Я передал ей свой сахар. Пить кофе с сахаром, однозначно, гробить вкус напитка. Кофе не может быть сладким, он должен горчить. Сладкий кофе – это всё равно что сладкая водка. Однако не все женщины это понимают.

– Почему это? – оскорбилась Юлька. – Там знаешь как потеют?!

– Во-первых, не уверен, что потеют, а во-вторых, его слишком активно пропагандируют как средство от всех проблем современной женщины. Когда наблюдается такая активность, меня пробивает на измену.

– Ты просто подозрительный.

– В точку попала...

 

 

– Вот, помню, у нас в деревне случай был: пошла баба на прорубь за какими-то своими бабскими надобностями, то ли по воду, то ли полоскать что, да сама возьми и провались...

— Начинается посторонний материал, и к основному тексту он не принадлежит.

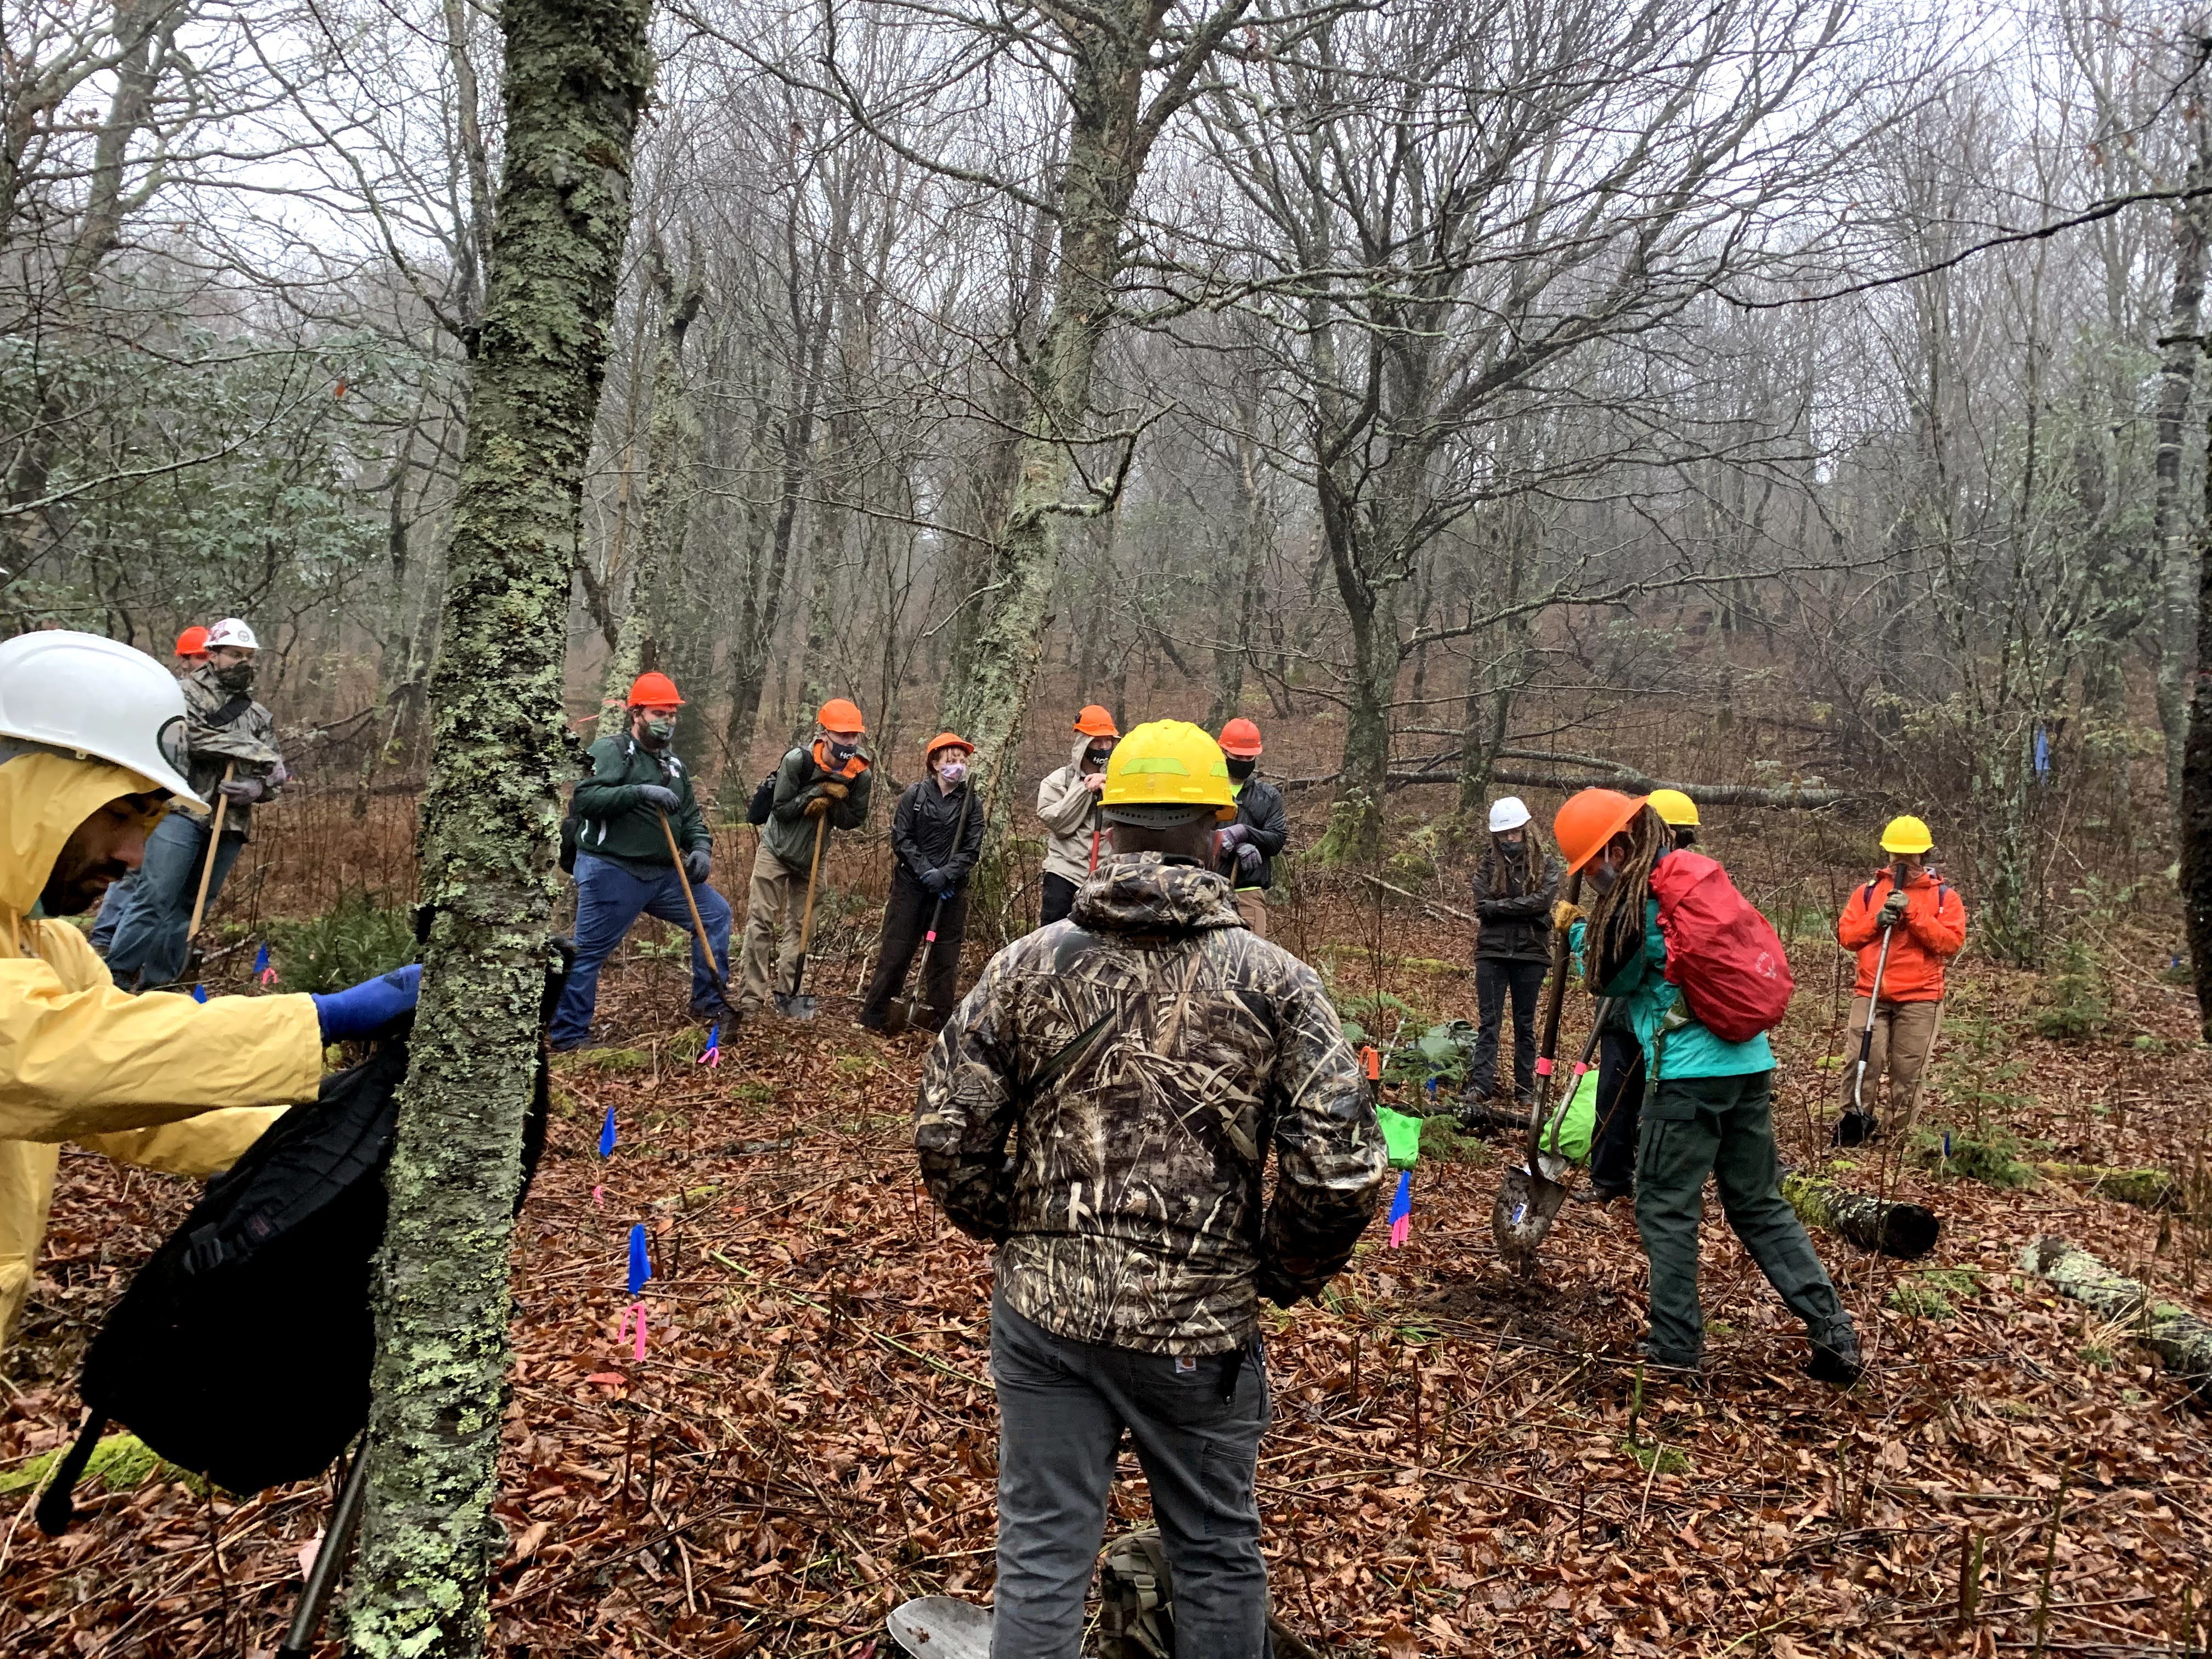 students with hardhats walking through forest
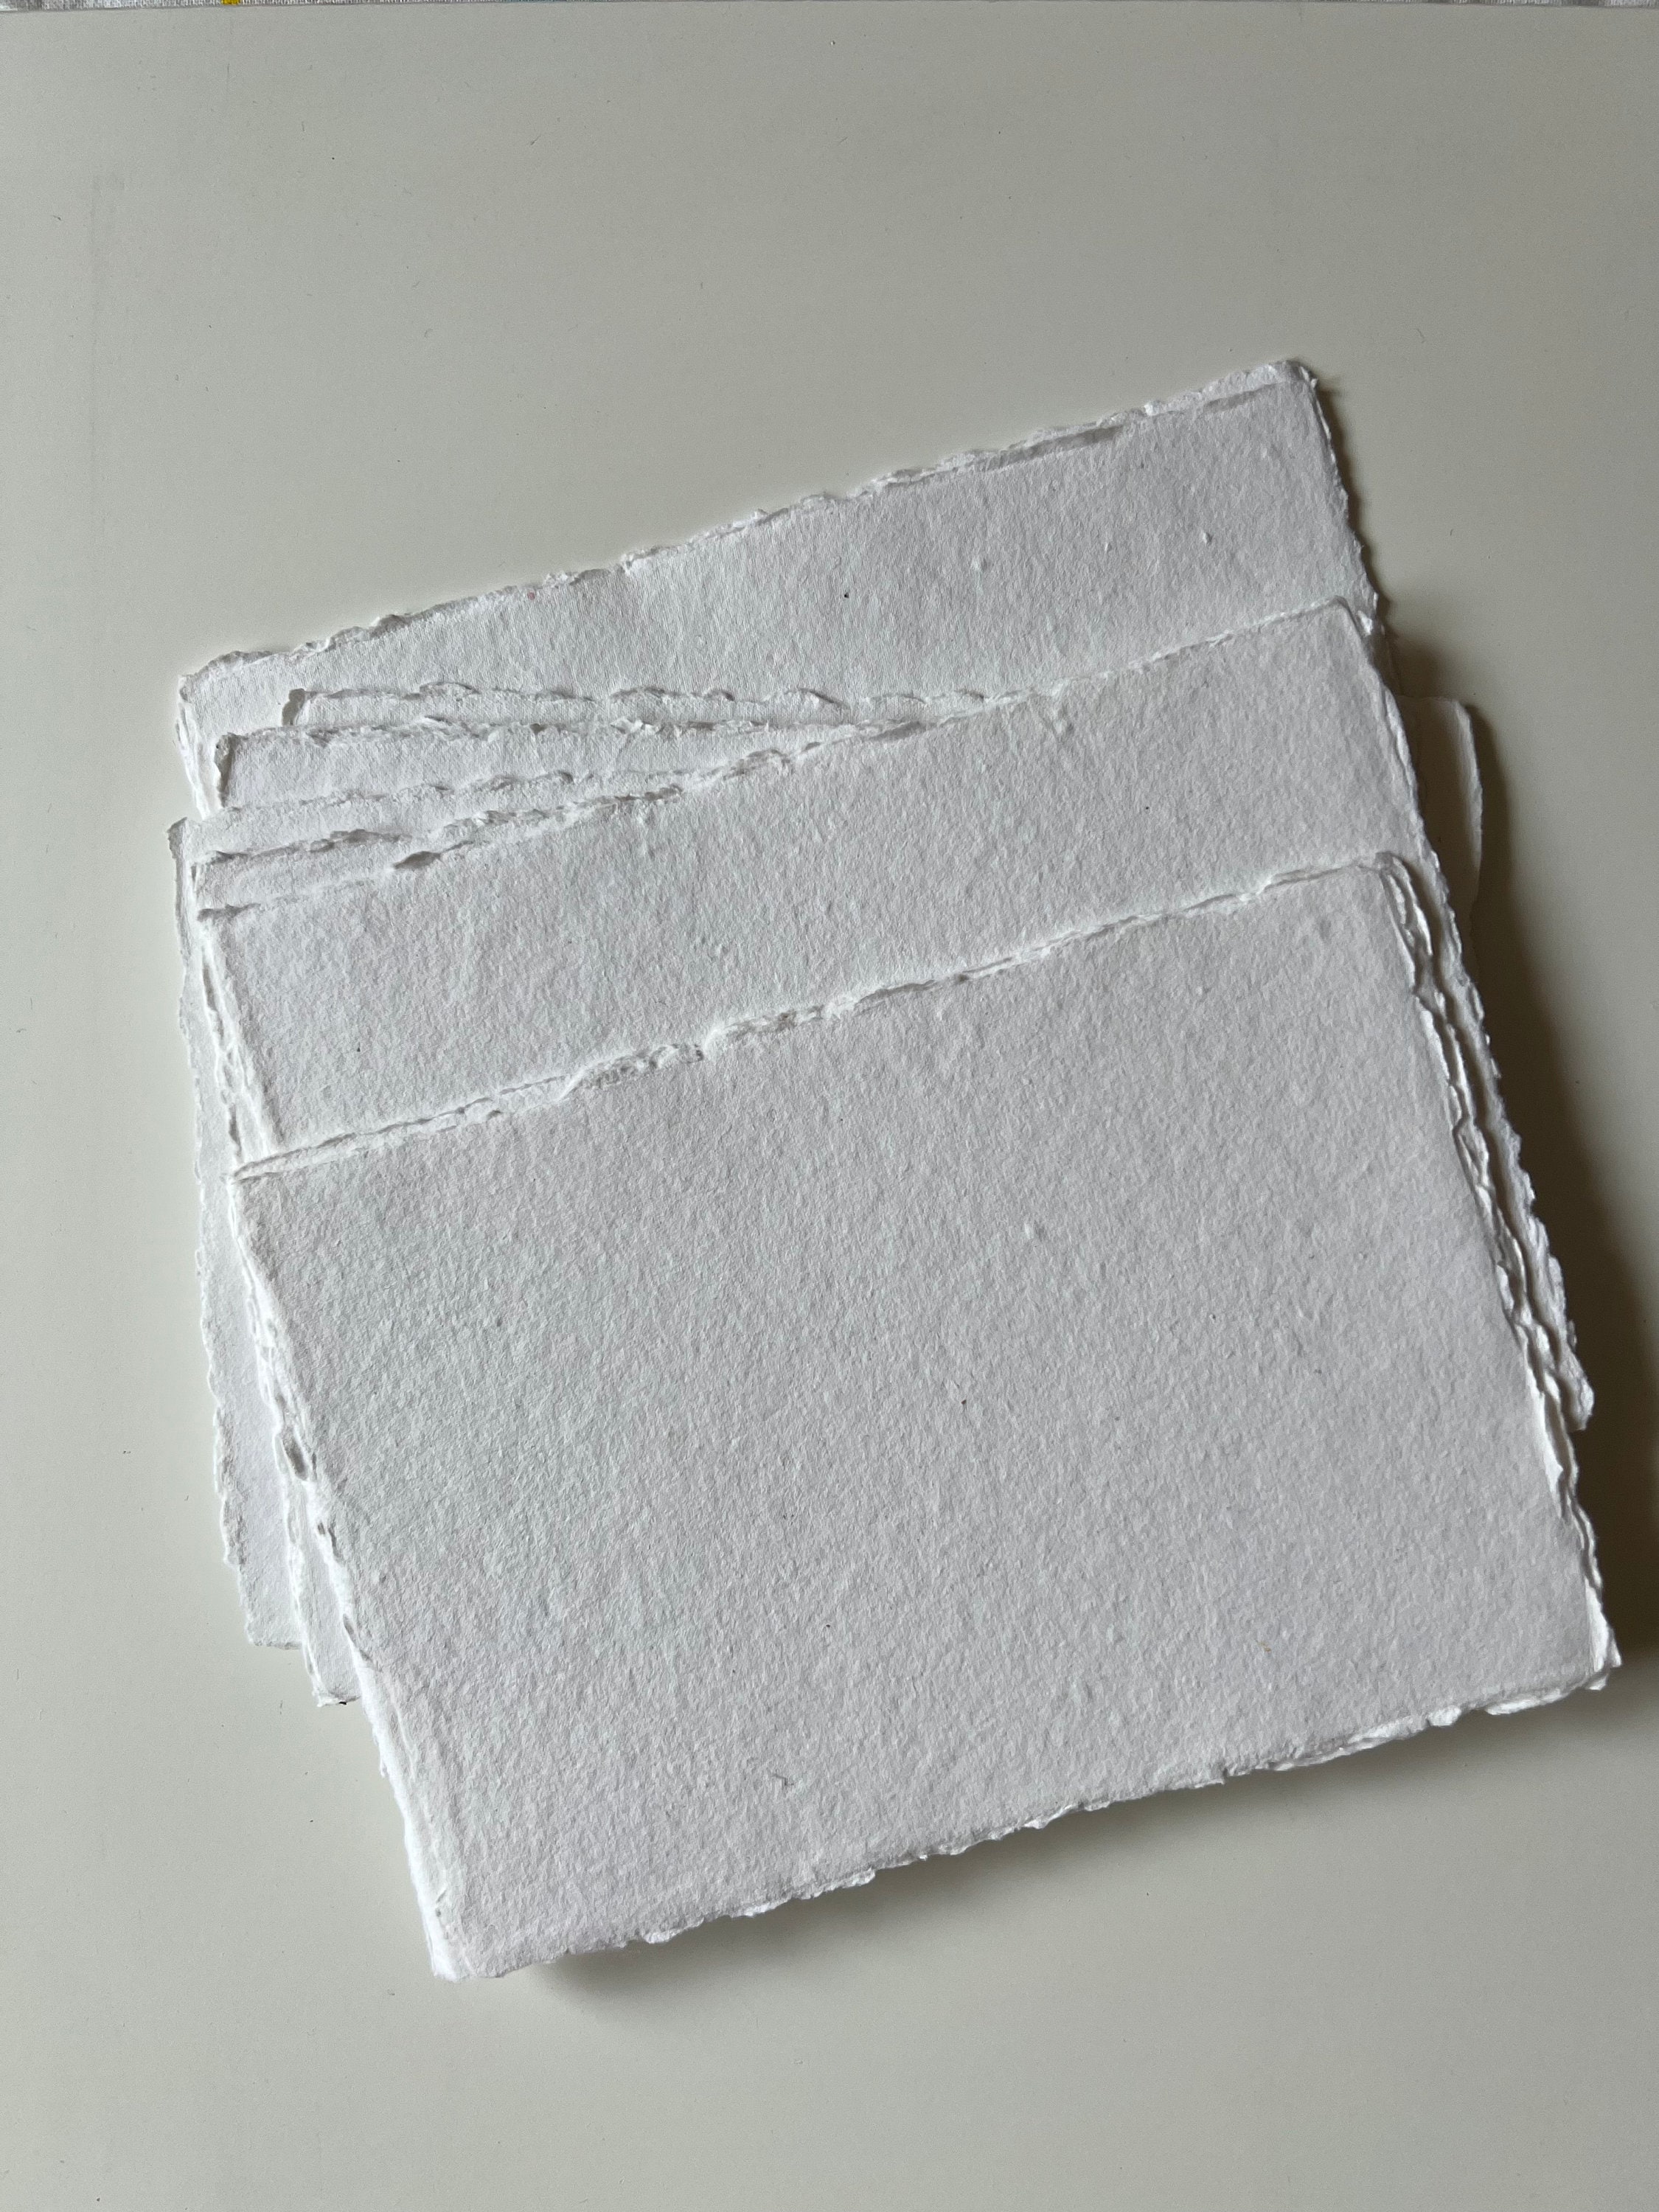 Blank Vintage Handmade Deckled Edge Paper, 75 Sheets of Recycled Cotton  Pape

На костре кипела вкусно пахнущая похлебка из мясных консервов, над лощинкой, в которой укрылся маленький отряд, плыли в чистом голубом небе рваные лохматые облачка. День выдался солнечный, снег искрился, резал глаза, и ночные события казались далекими и происшедшими вроде как и не с ними. Наверное, именно поэтому Потапчук рассказывал смешные байки, и никто не хотел вспоминать о смерти Чибисова.

– Вот. Провалилась она в полынью. А баба, надо сказать, была справная, сдобная, хозяйство заднее у нее – во! Как у першерона. Ну и застряла.

– Это как? – не понял Борисенко. – Кверху задницей, что ли?!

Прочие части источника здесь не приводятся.